Maybe some of you missed the way it worked out. 

The drywall contractor spent Thursday and Friday hanging. He could have hung the garage on Thursday and we would have had the 5/8 nailing inspection on Friday. He chose to do the garage last. He finished the garage about 6:00 PM on Friday. The earliest possible inspection was Monday AM, which we had.

The drywall contractor, with his taping crew, decided to work the weekend (Saturday and Sunday). That was his choice and fine with me. I reminded his tapers (though they should not need reminding) that the garage couldn't be taped until it passed inspection. They taped the walls Saturday, after I reminded them. When I unlocked Sunday morning I reminded them we still needed 5/8 nailing inspection so do nothing more in the garage. I stopped in a few hours later and the had taped the ceiling. Again I reminded them about the need for inspection. They second coated the ceiling Sunday afternoon.

Inspector showed up Monday morning and failed the 5/8's inspection. It was not me that slowed the project, it was the weekend and the inspectors not working weekends. They spent today cleaning the garage ceiling. A major mess and PITA for sure. Inspector will be back out tomorrow.

Though the tapers were remiss, the inspector could still count the screws. He should have let it go. He could see they worked the weekend. It's a new guy who just wants to show off an prove to everyone he's in charge. I tried to talk him into doing it that way but he wouldn't buy it.


----------



## boman47k (Oct 13, 2006)

> the inspector could still count the screws


Thom, I hate that this happened, but the inspector may very well be covering his a**. What if someone just put dimples in the drywall with a hammer? I saw a roofing contractor take a hammer to shingles. Instant hail damage! Had to get away from that. Hence a one-man operation for now.


----------



## 1KingOfDrywall (Jan 14, 2007)

*thom......that situation really sucks...*

If I ever had an inspector like that I would have to say maybe he has very small genitalia.......he's just trying to be a big man.
I understand your issue with the drywallers but let me play devils advocate--NEVER and I mean never.....ask a drywaller to "just leave this or that off". It never works out trust me. Speaking as a Drywaller that is very annoying and I woulda really been on the builder about that. As I said.....a drywaller needs to practically own the house. ZERO interuptions for no reason.
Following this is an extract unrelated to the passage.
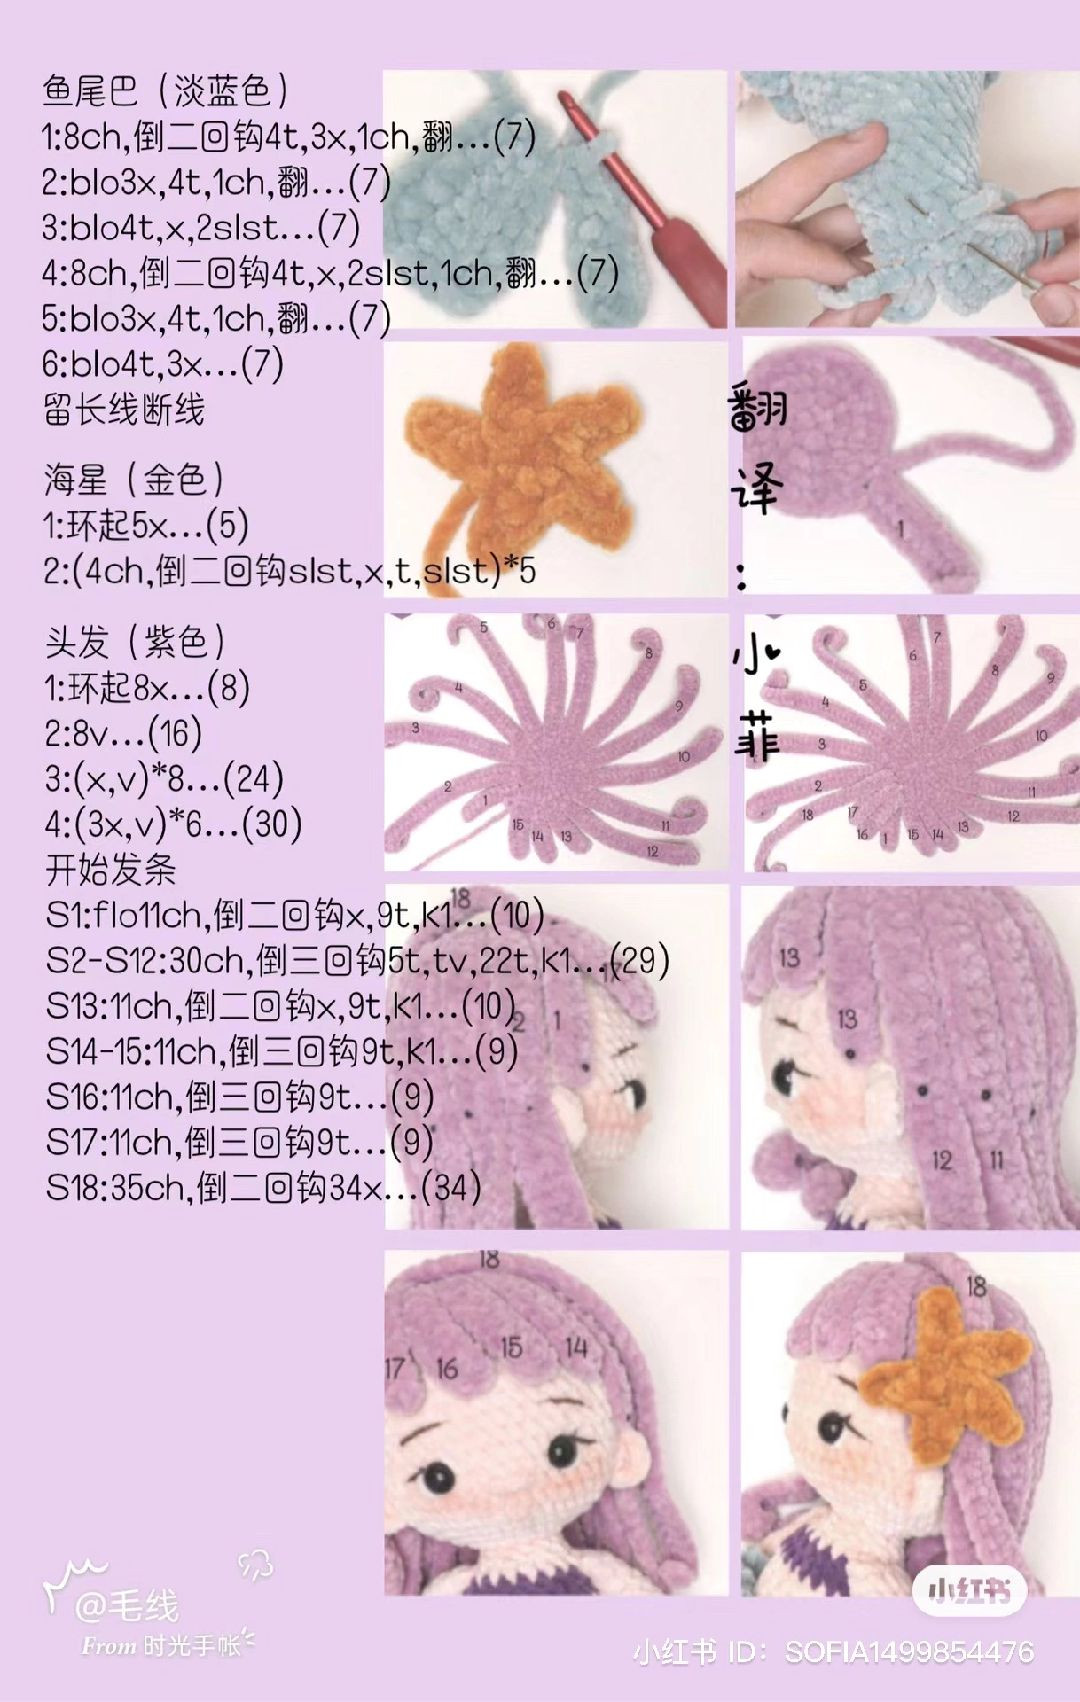 mermaid baby crochet pattern

But I do see your view. Being the optimist that I am, I woulda said Hey thom.....You pay me in full, we'll leave the ceiling for you to do your self.....and we all woulda lived happily ever after.:thumbsup:


----------



## bill r (Feb 19, 2007)

I don't work on houses, so I'll say it: What is a screw inspection? Here is a licensed contractor and the inspector wants to see if the screw is really in the dimple? Makes no sense to me. How else would the board be standing there? This is not a mud-man problem or contractor problem. This is an inspector problem.


----------



## thom (Nov 3, 2006)

1KingOfDrywall said:


> Being the optimist that I am, I woulda said Hey thom.....You pay me in full, we'll leave the ceiling for you to do your self.....and we all woulda lived happily ever after.:thumbsup:


Of course, if we did it your way, we'd never get done. The drywallers did "own" the house. No one else was there. Hangers finished Friday night, tapers started Saturday morning. Inspection was Monday morning. I hired the drywall company to hang and tape, the scheduling was theirs, not mine. They chose to work Saturday. There was no way to get a Friday night or Saturday or Sunday inspection. Those things don't happen here. The inspection was as quick as it could be.
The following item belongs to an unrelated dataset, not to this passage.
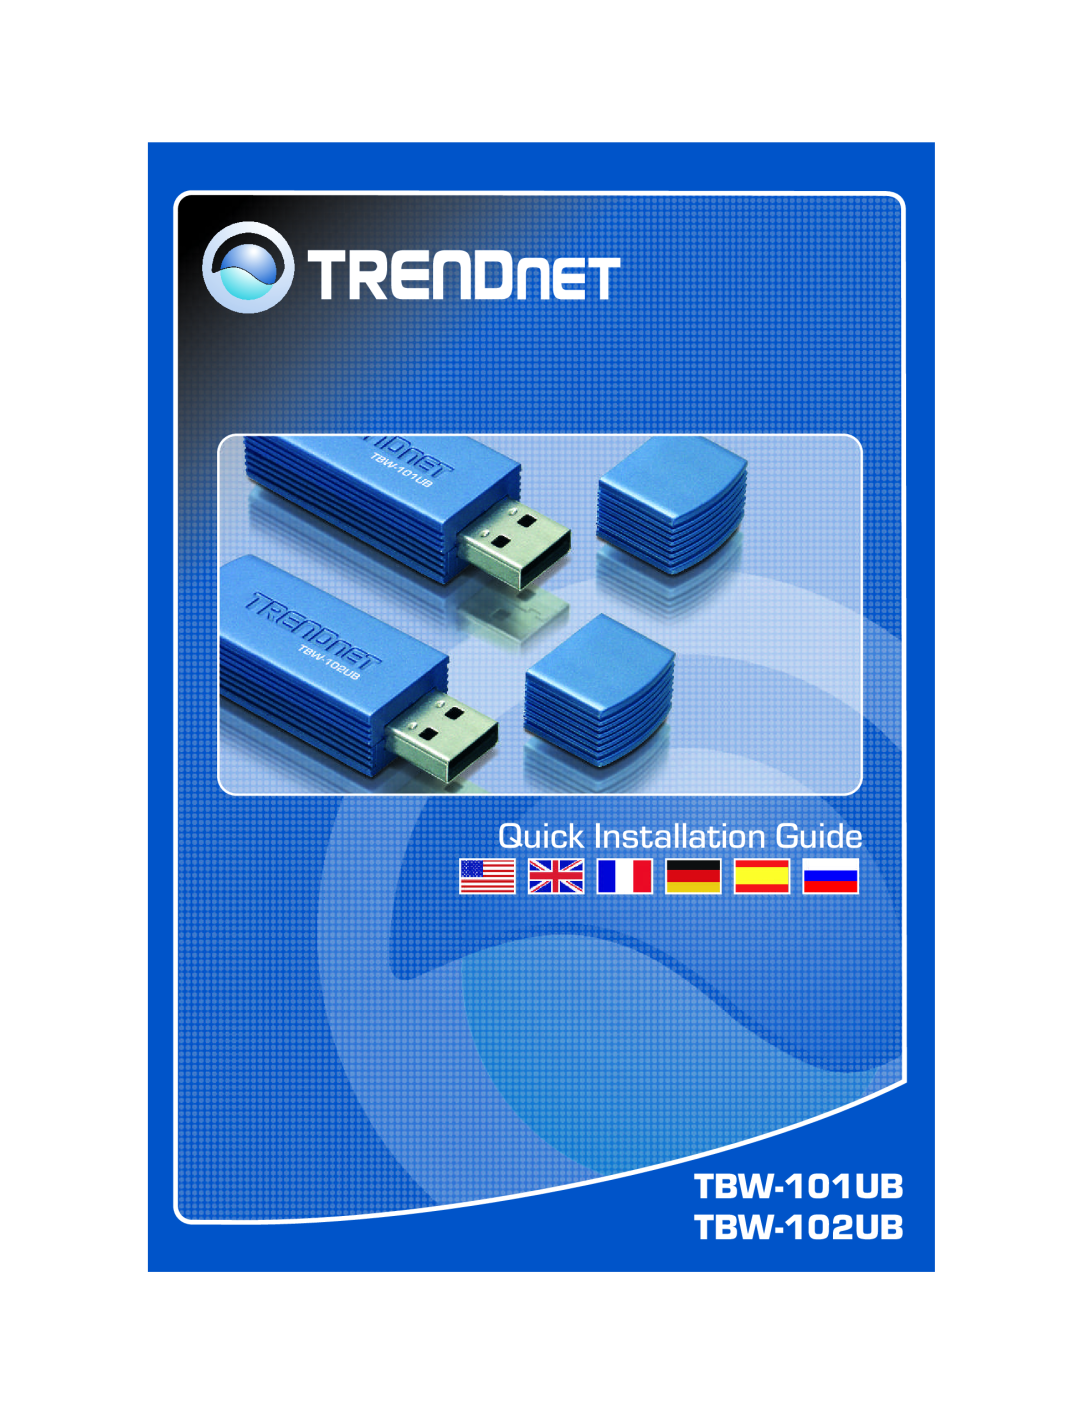 TRENDnet manual Quick Installation Guide, TBW-101UB TBW-102UB

Part of the problem was the taping crew were from out of state (the company they work for now is local and has worked for me before) This was their first house in NM. They didn't have garage nailing inspections where they came from.
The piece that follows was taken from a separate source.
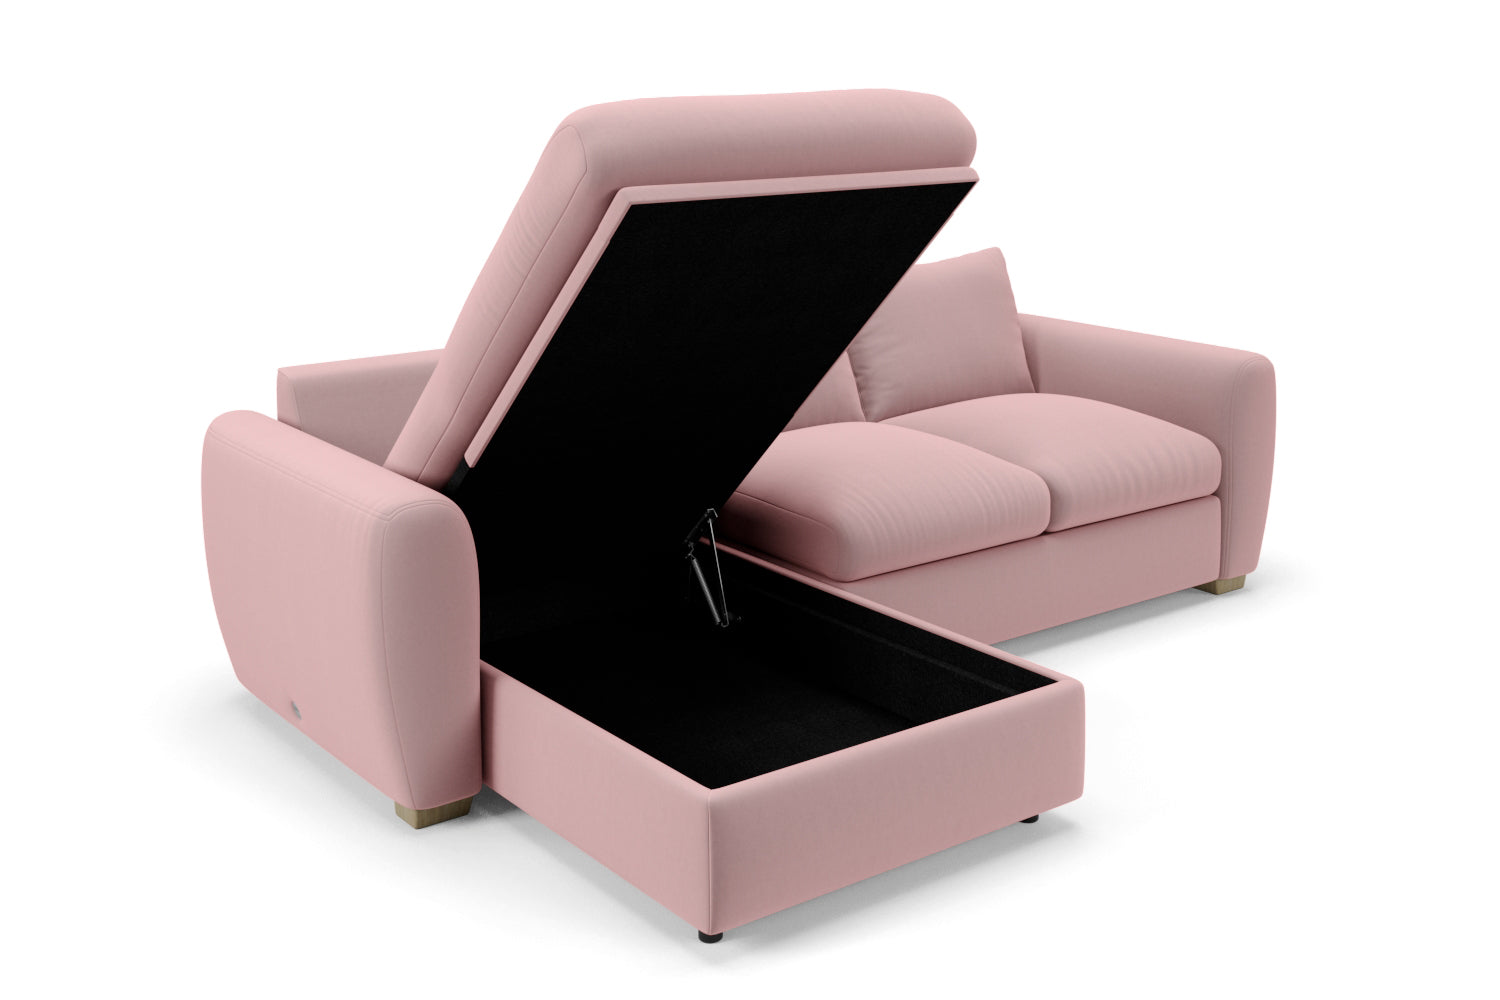 SNUG | The Cloud Sundae Chaise Corner Sofa in Blush variant_40575169200176

They did a superb job. They came from Ohio, no texture. Their walls were perfect before texture was applied. The texture man was the boss who has been doing it for years and did a superb job. I paid $800 more than the agreed price plus I gave a taper $40 for gas because they did such a bang-up job.


----------



## RobertCDF (Aug 18, 2005)

1KingOfDrywall said:


> If I ever had an inspector like that I would have to say maybe he has very small genitalia.......he's just trying to be a big man.
> I understand your issue with the drywallers but let me play devils advocate--NEVER and I mean never.....ask a drywaller to "just leave this or that off". It never works out trust me. Speaking as a Drywaller that is very annoying and I woulda really been on the builder about that. As I said.....a drywaller needs to practically own the house. ZERO interuptions for no reason. But I do see your view. Being the optimist that I am, I woulda said Hey thom.....You pay me in full, we'll leave the ceiling for you to do your self.....and we all woulda lived happily ever after.:thumbsup:


King... You are in the wrong here. Inspections ARE required they hold EVERYONE up at some point in time. The drywaller knew full well that the garage would require inspection and should have done it first so it could be inspected friday. If he chose to wait till friday 6:00 PM to do the area requiring an inspection then he is an idiot. The fact that he covered what needed an inspection even after being told by the GC shows he is more of an idiot! If someone pulled that crap with me they would get a back charge and pay the reinspect fee. They would also never get a call from me again... In fact I had a sub last year that dicked around about start dates many times and he will never get another bit of work from me.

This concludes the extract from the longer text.